Evaluating the Architectural Reasoning Capabilities of LLM Provers via the Obfuscated Natural Number Game

Lixing Li

cs.LG May 1, 2026 · v1

theorem-proving-ml benchmark

Read PDF arXiv abstract Code

TL;DR

Evaluates LLM provers on an obfuscated Natural Number Game in Lean 4 to probe architectural reasoning.

Abstract

While Large Language Models have achieved notable success on formal mathematics benchmarks such as MiniF2F, it remains unclear whether these results stem from genuine logical reasoning or semantic pattern matching against pre-training data. This paper identifies Architectural Reasoning: the ability to synthesize formal proofs using exclusively local axioms and definitions within an alien math domain, as the necessary ability for future automated theorem discovery AI. We use the Obfuscated Natural Number Game, a benchmark to evaluate Architectural Reasoning. By renaming identifiers in the Natural Number Game in Lean 4, we created a zero-knowledge, closed environment. We evaluate state-of-the-art models, finding a universal latency tax where obfuscation increases inference time. The results also reveal a divergence in robustness: while general models (Claude-Sonnet-4.5, GPT-4o) suffer performance degradation, reasoning models (DeepSeek-R1, GPT-5, DeepSeek-Prover-V2) maintain the same accuracy despite the absence of semantic cues.

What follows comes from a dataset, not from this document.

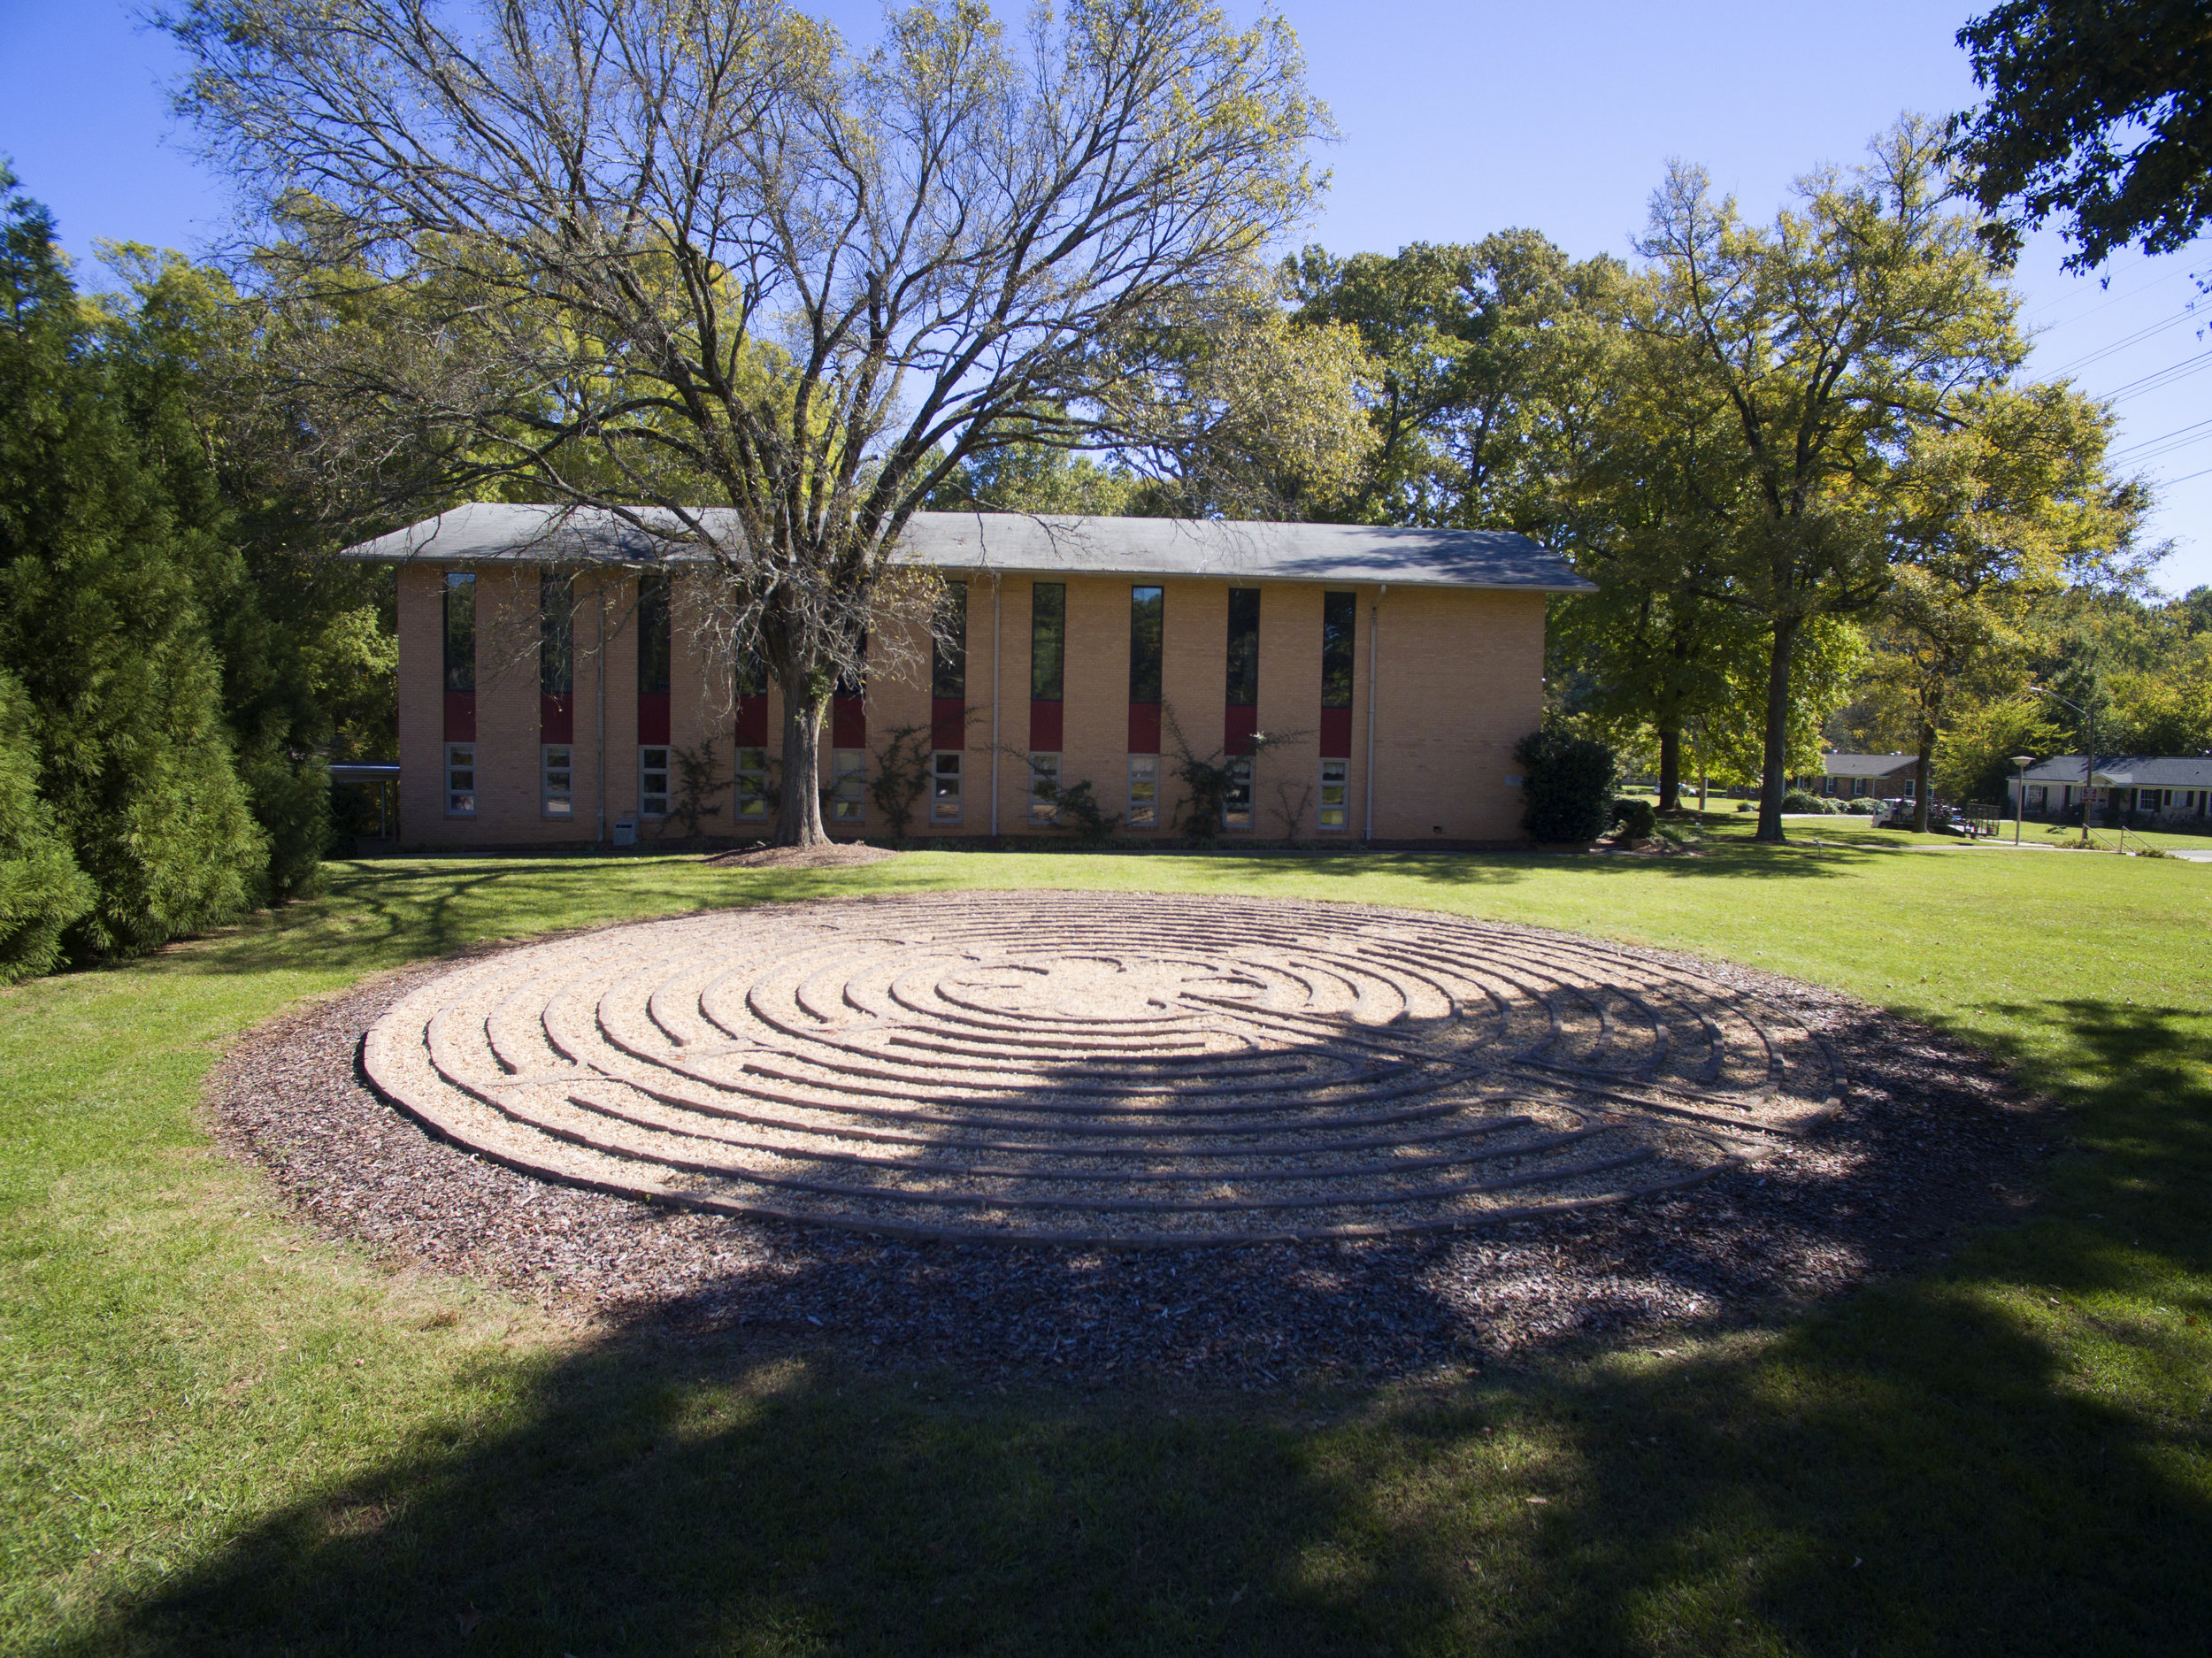 labyrinth drone 1.jpg

These findings provide a quantitative metric for assessing the true capacity for mathematical reasoning.

Problem

LLMs achieve high scores on formal math benchmarks like MiniF2F, but it is unclear whether this reflects genuine logical reasoning or pattern matching against pre-training data. A method to distinguish these capabilities is needed.

Approach

The authors define Architectural Reasoning as the ability to synthesize proofs using only local axioms in an alien domain, and introduce the Obfuscated Natural Number Game (O-NNG) benchmark. By renaming all identifiers in the Lean 4 Natural Number Game, they create a zero-knowledge closed environment. They evaluate GPT-4o, Claude-Sonnet-4.5, DeepSeek-R1, GPT-5, and DeepSeek-Prover-V2 across varying obfuscation noise levels.

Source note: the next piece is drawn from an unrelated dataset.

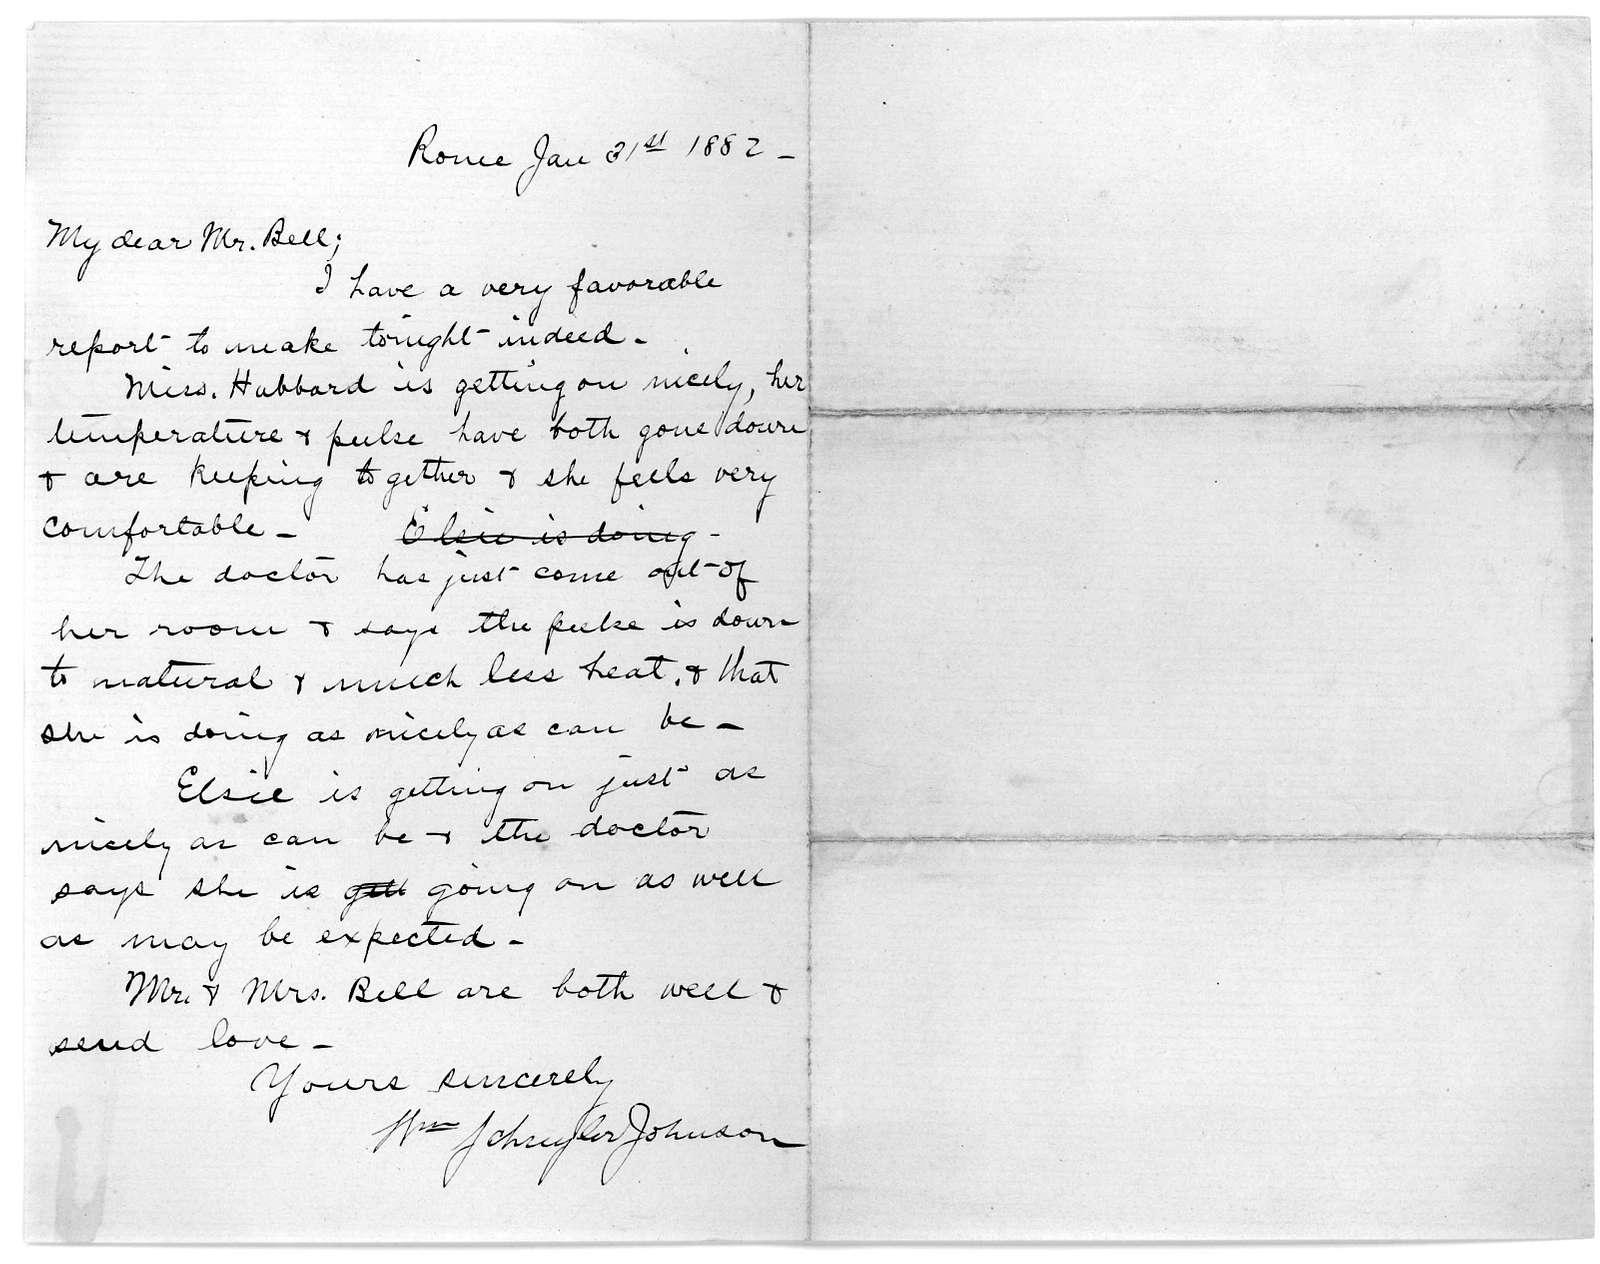 Letter from Schuyler Johnson to Alexander Melville Bell, January 31, 1882

Figure 1: LLM performance metrics across varying noise levels \lambda . The plots illustrate Correct Rate (%) and Average Time (s) for GPT-4o, Claude-Sonnet-4.5, DeepSeek-R1, GPT-5, and DeepSeek-Prover-V2. Error bars represent standard deviation over 5 independent runs.

Results

All models exhibit a latency tax from obfuscation. General models (Claude-Sonnet-4.5, GPT-4o) suffer performance degradation, while reasoning models (DeepSeek-R1, GPT-5, DeepSeek-Prover-V2) maintain accuracy despite the absence of semantic cues. DeepSeek-Prover-V2 shows the highest robustness (p=0.3077 for correct rate change).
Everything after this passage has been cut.